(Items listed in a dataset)
━━━━━━

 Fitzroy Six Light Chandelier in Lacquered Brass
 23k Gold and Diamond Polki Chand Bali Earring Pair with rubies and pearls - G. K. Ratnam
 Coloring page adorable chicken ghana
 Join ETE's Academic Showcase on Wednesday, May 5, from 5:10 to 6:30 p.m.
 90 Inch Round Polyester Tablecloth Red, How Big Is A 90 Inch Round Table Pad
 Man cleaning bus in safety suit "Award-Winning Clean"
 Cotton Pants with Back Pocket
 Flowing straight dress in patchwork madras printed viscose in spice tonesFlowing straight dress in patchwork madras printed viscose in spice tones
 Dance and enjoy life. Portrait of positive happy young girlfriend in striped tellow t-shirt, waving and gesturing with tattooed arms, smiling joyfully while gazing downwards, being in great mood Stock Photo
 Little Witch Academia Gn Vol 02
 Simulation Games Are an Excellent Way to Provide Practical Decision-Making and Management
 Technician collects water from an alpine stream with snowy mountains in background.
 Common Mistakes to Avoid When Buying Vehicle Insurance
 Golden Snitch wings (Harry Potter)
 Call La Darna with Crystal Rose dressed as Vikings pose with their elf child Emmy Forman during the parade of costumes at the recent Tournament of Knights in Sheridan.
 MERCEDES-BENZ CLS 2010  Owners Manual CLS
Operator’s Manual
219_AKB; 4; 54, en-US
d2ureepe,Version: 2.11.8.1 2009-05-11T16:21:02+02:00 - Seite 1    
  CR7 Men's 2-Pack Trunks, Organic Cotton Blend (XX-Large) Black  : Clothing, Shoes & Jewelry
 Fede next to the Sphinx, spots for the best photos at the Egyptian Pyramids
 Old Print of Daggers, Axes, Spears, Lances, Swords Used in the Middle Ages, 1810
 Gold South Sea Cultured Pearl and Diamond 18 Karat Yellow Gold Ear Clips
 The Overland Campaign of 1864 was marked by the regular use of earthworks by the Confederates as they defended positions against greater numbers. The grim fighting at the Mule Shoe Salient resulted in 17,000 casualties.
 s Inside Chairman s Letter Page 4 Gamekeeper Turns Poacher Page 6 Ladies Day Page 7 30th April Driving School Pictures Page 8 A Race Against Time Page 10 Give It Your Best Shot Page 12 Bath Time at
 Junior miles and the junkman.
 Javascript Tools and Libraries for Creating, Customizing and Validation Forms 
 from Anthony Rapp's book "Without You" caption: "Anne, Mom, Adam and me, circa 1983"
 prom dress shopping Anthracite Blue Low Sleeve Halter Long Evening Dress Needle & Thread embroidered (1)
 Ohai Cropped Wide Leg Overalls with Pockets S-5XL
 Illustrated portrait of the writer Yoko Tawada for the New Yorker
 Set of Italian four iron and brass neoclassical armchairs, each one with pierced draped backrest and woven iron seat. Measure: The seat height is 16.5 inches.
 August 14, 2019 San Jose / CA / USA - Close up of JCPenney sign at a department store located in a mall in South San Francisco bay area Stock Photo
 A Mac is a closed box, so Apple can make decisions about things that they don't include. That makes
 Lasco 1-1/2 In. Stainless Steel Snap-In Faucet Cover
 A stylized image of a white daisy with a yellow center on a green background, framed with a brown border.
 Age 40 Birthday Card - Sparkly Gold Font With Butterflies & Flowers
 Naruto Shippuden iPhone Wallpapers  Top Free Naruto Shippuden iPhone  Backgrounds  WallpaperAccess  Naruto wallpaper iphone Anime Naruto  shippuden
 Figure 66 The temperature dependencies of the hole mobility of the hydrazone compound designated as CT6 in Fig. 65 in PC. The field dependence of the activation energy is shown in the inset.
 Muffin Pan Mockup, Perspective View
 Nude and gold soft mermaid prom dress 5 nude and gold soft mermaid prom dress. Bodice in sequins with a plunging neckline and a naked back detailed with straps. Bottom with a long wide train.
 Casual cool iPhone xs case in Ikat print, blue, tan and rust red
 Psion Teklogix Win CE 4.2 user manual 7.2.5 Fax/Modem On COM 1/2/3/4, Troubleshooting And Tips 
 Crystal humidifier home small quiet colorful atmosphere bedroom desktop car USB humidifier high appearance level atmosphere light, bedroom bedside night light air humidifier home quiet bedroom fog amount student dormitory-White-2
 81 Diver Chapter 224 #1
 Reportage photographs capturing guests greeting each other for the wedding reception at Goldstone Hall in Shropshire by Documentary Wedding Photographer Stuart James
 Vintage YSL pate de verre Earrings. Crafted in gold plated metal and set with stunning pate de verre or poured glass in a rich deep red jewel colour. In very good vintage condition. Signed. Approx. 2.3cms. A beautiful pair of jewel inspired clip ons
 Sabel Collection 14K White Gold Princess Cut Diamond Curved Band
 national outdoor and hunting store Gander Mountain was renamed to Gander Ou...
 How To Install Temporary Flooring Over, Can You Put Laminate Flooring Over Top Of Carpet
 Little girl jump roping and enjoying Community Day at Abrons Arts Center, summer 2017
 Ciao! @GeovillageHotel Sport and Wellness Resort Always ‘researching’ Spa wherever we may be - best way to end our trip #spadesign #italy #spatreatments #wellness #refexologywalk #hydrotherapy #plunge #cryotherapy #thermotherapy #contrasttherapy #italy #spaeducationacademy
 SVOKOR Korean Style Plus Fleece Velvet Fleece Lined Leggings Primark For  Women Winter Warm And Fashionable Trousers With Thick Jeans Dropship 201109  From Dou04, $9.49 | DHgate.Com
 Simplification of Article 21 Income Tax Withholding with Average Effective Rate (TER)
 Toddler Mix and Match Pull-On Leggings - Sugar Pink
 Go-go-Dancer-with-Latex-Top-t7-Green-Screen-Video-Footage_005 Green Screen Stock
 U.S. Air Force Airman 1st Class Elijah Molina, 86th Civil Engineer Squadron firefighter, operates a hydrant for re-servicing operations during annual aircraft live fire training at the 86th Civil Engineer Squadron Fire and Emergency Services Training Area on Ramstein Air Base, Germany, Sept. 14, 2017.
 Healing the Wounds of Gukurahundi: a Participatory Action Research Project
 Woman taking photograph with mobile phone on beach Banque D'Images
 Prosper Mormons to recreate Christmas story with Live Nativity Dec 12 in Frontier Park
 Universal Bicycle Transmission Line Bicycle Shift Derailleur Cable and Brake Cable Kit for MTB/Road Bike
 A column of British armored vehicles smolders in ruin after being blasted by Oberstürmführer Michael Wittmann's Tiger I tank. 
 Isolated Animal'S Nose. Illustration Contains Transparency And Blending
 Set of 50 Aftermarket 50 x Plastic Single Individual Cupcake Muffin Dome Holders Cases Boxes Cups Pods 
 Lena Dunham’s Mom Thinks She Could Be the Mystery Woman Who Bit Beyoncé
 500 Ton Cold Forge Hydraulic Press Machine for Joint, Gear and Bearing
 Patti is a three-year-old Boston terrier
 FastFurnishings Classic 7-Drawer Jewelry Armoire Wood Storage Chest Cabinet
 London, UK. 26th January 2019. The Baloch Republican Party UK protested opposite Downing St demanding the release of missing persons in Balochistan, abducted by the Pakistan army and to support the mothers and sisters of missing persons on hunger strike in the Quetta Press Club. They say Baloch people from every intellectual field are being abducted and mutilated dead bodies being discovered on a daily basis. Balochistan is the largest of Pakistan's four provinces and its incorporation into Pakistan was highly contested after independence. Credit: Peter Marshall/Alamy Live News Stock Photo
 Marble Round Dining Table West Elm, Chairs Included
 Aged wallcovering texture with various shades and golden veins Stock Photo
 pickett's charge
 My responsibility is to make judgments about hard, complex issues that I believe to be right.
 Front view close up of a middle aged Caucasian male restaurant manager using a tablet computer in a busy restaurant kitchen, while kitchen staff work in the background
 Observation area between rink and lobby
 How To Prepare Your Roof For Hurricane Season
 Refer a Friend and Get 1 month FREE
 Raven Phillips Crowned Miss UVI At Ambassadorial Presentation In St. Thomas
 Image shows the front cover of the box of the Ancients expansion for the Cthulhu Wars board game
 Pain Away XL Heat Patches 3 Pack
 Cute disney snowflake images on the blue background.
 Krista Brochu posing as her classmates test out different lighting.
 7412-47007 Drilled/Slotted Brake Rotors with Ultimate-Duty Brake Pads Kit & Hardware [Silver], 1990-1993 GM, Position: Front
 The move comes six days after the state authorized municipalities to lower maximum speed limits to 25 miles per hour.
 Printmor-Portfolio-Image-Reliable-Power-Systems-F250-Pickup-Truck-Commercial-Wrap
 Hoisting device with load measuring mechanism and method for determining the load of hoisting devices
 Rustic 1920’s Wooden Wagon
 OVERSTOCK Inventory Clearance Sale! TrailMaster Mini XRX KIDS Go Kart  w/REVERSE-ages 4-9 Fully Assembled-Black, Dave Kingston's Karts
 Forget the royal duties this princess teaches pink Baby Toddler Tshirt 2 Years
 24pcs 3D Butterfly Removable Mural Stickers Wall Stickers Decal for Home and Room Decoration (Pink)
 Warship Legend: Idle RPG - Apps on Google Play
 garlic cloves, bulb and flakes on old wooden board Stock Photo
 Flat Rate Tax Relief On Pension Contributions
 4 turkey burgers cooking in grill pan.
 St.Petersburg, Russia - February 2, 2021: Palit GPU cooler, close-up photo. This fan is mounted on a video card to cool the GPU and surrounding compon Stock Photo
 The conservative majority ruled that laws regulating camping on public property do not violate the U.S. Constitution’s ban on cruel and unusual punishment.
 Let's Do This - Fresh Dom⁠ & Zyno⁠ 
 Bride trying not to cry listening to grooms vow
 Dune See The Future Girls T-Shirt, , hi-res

━━━━━━

■ **Aim of the exercise**
Repeat word for word the lines above that run from the line containing "Ohai Cropped Wide" through the line containing "Casual cool iPhone", both ends included, and nothing else.

■ **Answer to this exercise**
 Ohai Cropped Wide Leg Overalls with Pockets S-5XL
 Illustrated portrait of the writer Yoko Tawada for the New Yorker
 Set of Italian four iron and brass neoclassical armchairs, each one with pierced draped backrest and woven iron seat. Measure: The seat height is 16.5 inches.
 August 14, 2019 San Jose / CA / USA - Close up of JCPenney sign at a department store located in a mall in South San Francisco bay area Stock Photo
 A Mac is a closed box, so Apple can make decisions about things that they don't include. That makes
 Lasco 1-1/2 In. Stainless Steel Snap-In Faucet Cover
 A stylized image of a white daisy with a yellow center on a green background, framed with a brown border.
 Age 40 Birthday Card - Sparkly Gold Font With Butterflies & Flowers
 Naruto Shippuden iPhone Wallpapers  Top Free Naruto Shippuden iPhone  Backgrounds  WallpaperAccess  Naruto wallpaper iphone Anime Naruto  shippuden
 Figure 66 The temperature dependencies of the hole mobility of the hydrazone compound designated as CT6 in Fig. 65 in PC. The field dependence of the activation energy is shown in the inset.
 Muffin Pan Mockup, Perspective View
 Nude and gold soft mermaid prom dress 5 nude and gold soft mermaid prom dress. Bodice in sequins with a plunging neckline and a naked back detailed with straps. Bottom with a long wide train.
 Casual cool iPhone xs case in Ikat print, blue, tan and rust red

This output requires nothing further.